• **Work to be completed**
Leaving out all pictures, transcribe the lines below exactly, from the first through the line containing "Height 6 x Width 26.5 x Depth 17".

■ ■ ■ ■

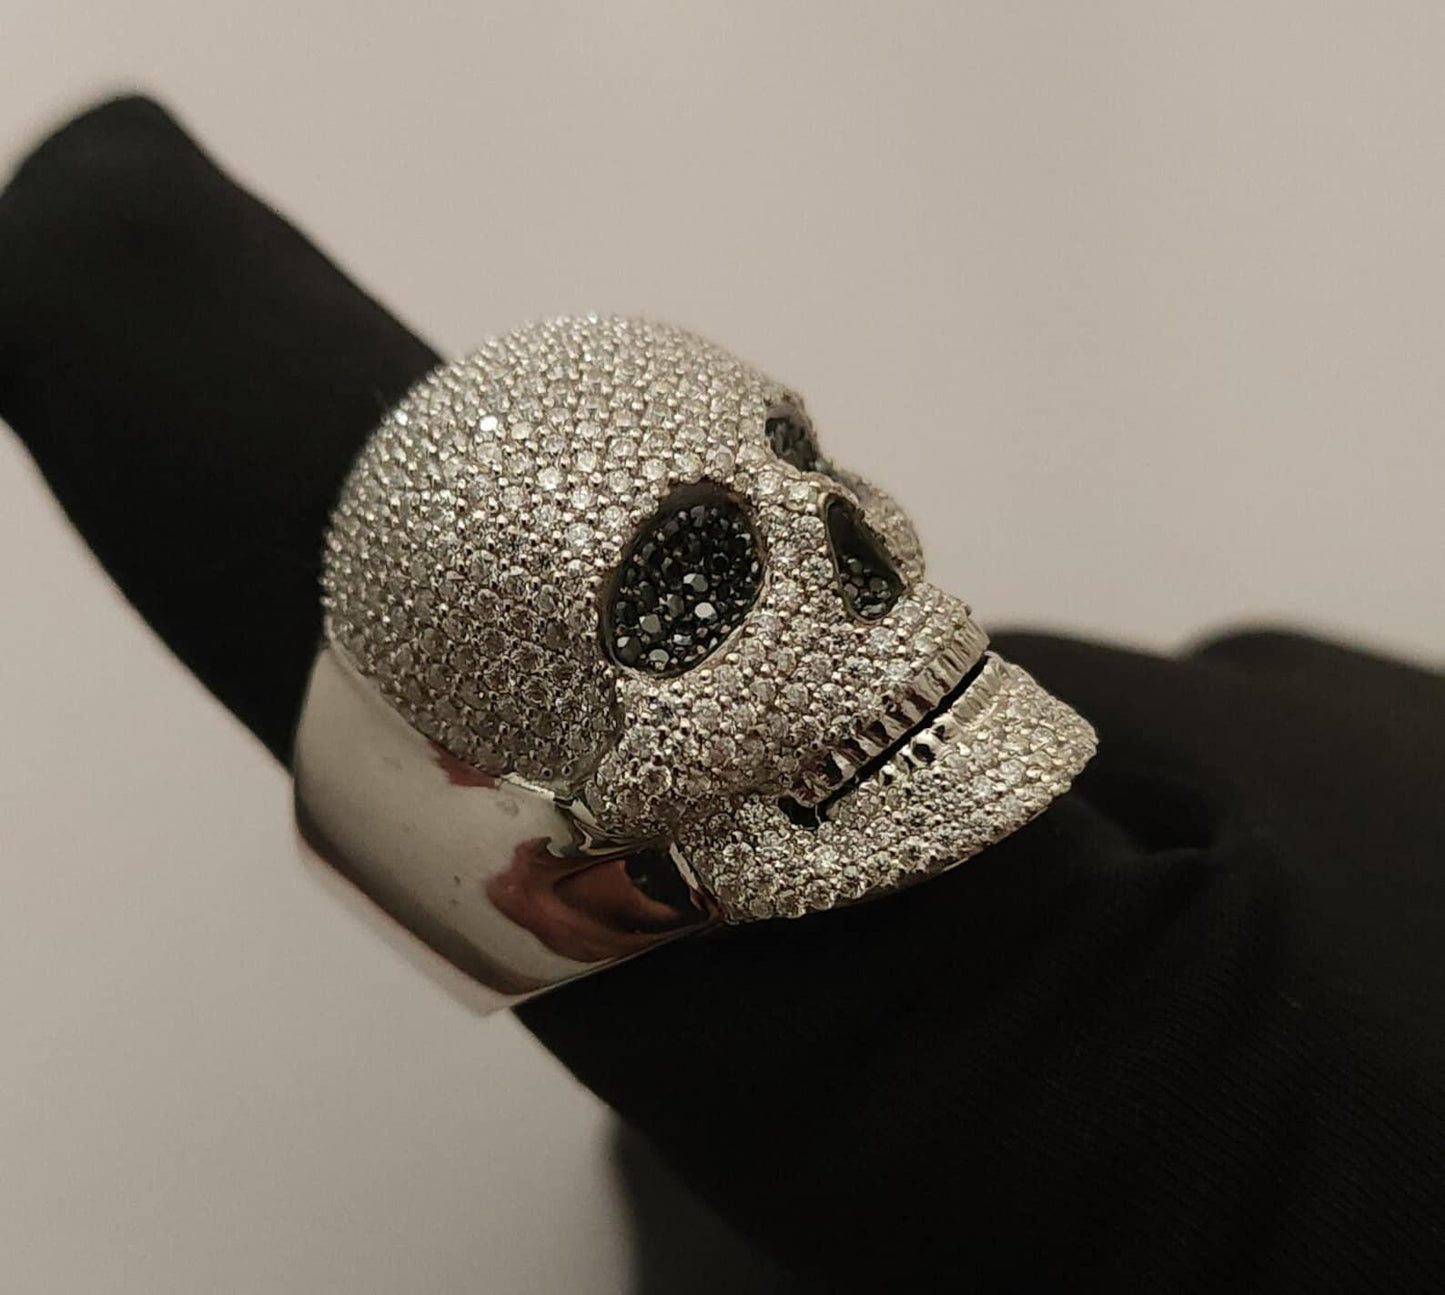 JBR JEWELER Iced Out Ring Skull  VVS Moissanite Iced Out Rapper Pinky Hip Hop Ring Men's S925 Silver Ring
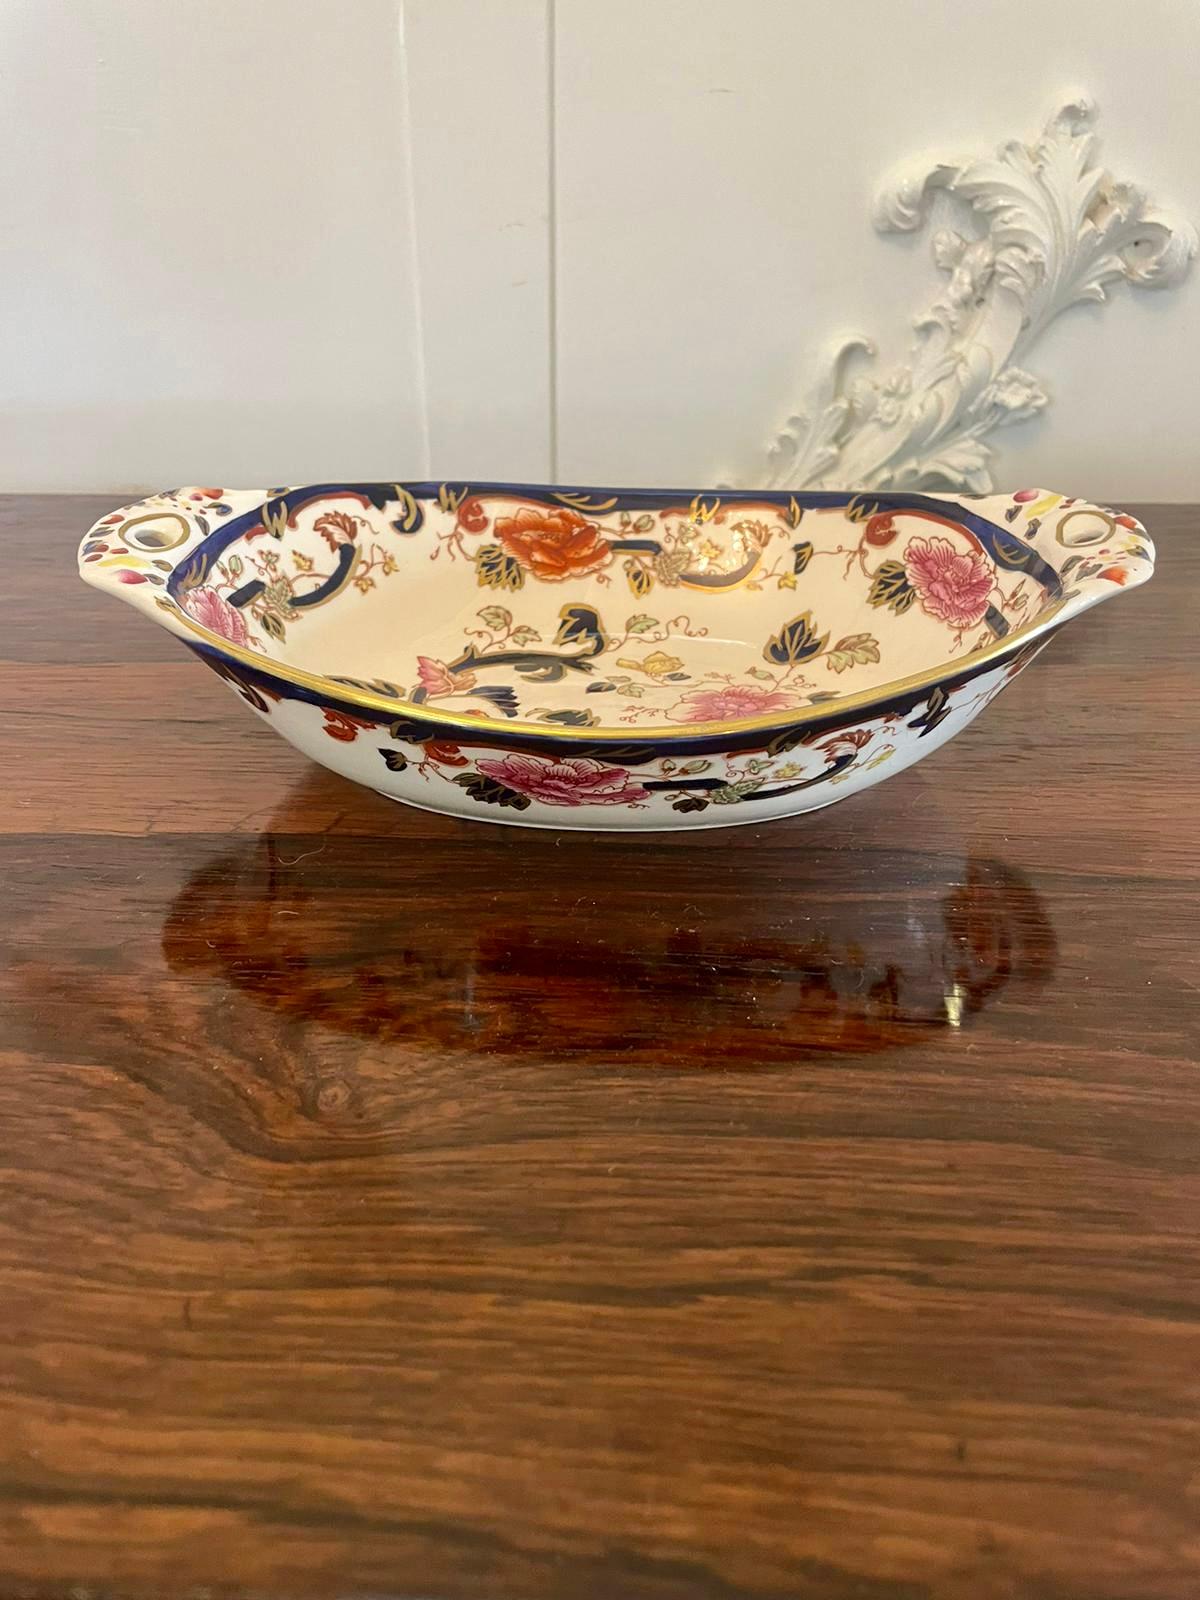 Quality antique hand painted Masons Ironstone bowl with fantastic quality hand painted decoration in red, pink, yellow, blue, green and gold colours 


A beautifully decorated bowl in mint condition


Dimensions:
Height 6 x Width 26.5 x Depth 17
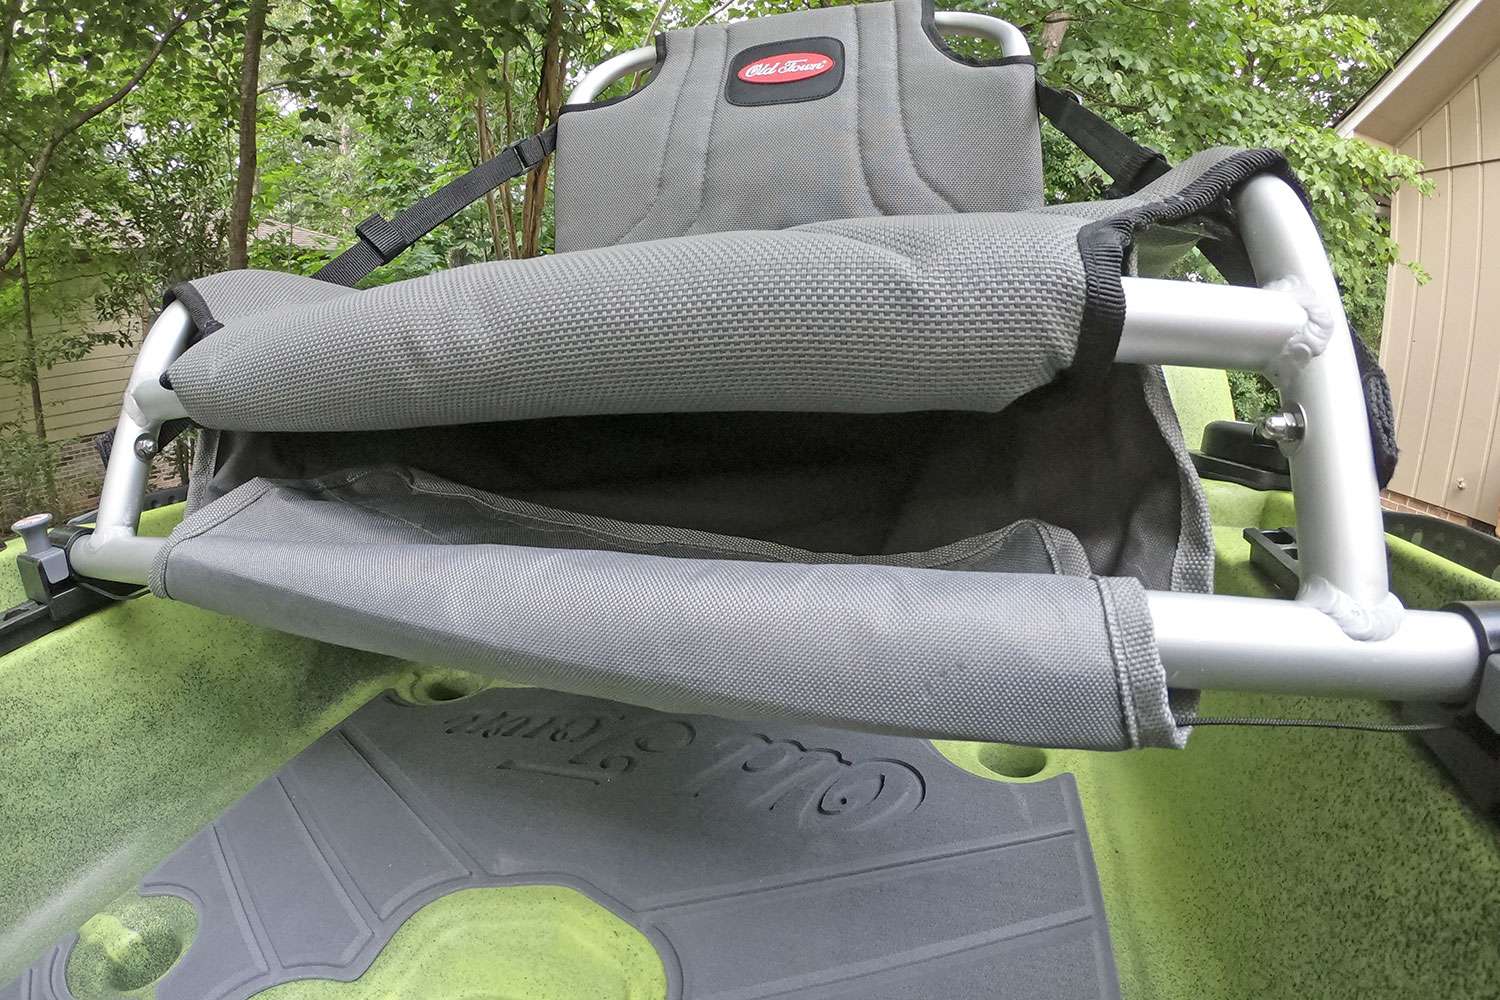 Beneath the seat is a convenient pocket that can handle a tray or whatever plastics the bass are eating. More storage is a good thing.

■ ■ ■ ■

• **Solution for this exercise**
 JBR JEWELER Iced Out Ring Skull  VVS Moissanite Iced Out Rapper Pinky Hip Hop Ring Men's S925 Silver Ring
 Quality antique hand painted Masons Ironstone bowl with fantastic quality hand painted decoration in red, pink, yellow, blue, green and gold colours 


A beautifully decorated bowl in mint condition


Dimensions:
Height 6 x Width 26.5 x Depth 17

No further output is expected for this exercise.